Please read carefully.

This course is for undergraduates to learn basic concepts and techniques in algorithms and complexity.

Lectures. Tuesday and Thursday, 11-12:15, ITE 127.

Instructor: Yufeng Wu (ywu@engr.uconn.edu), ITE 235. Office hour: Tuesday and Thursday, 9:30-11:00.

Grader: Hang He.

Prerequisites. CSE 2100 (Data structure and intro. to algorithms) and CSE 2500 (Introduction to discrete systems).

Some topics need some basic knowledge of probabilities.

Textbook: The required textbook is: Introduction to Algorithms (2nd edition) by T. Cormen, C. Leiserson,

R. Rivest, and C. Stein, 2002. Most of the lectures are based on this book, although of course we can not

cover every chapter.

Outline. This course is lecture-based. The planned subjects are the following (subject to change).

1) Fundamental concepts of algorithms. Asymptotic order of growth. Basic running time analysis. Divide and conquer.
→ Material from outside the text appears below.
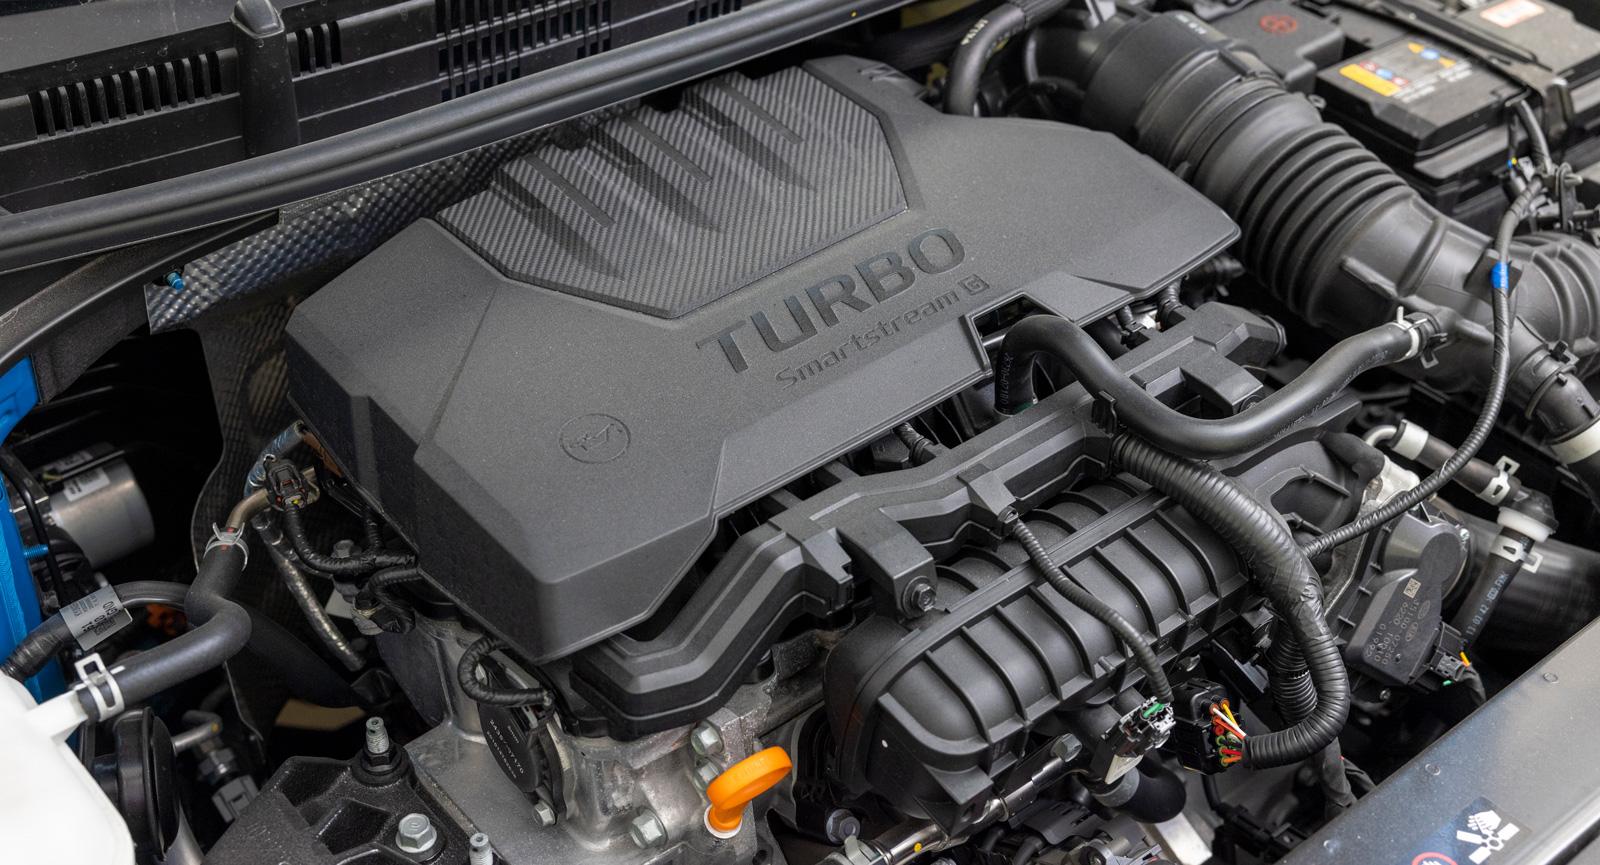 Kia skyler de 120 hästkrafterna under en ljuddämpande kåpa. Här finns det turbo!

Basic probabilistic analysis. Different kinds of sorting. Binary search tree and red-black trees.

2) Basic algorithm techniques. Dynamic programming. Greedy algorithms. Algorithms for graphs: basic algorithms,

minimum spanning tree and shortest path.

3) Advanced algorithms and complexity. Stable matching problem. String matching algorithms. NP-completeness.

Introduction to approximation algorithms.

Homeworks. We will have homework every one to two weeks. Each homework will likely to contain three to four problems.

Work hard on them, although homeworks do not carry big weights in grading. This is the best way to prepare for exams.

Much of what you learn from this course comes from the homeworks.

Your solutions should be concise, correct and legible. Some of the problems may be challenging, depending on your

background. If you can not solve a problem, briefly explain where the difficulty is.

Note: you need to acknowledge any source of ideas other than the textbook. You must always write the solutions on your

own.

Exams. There are two midterm exams for this course and a final exam. Exams will be closed book.

We will have additional review sessions to help students prepare for the exams. Be there if you can.

Grading. Homeworks (20%), two mid-terms (20% each), and final (40%).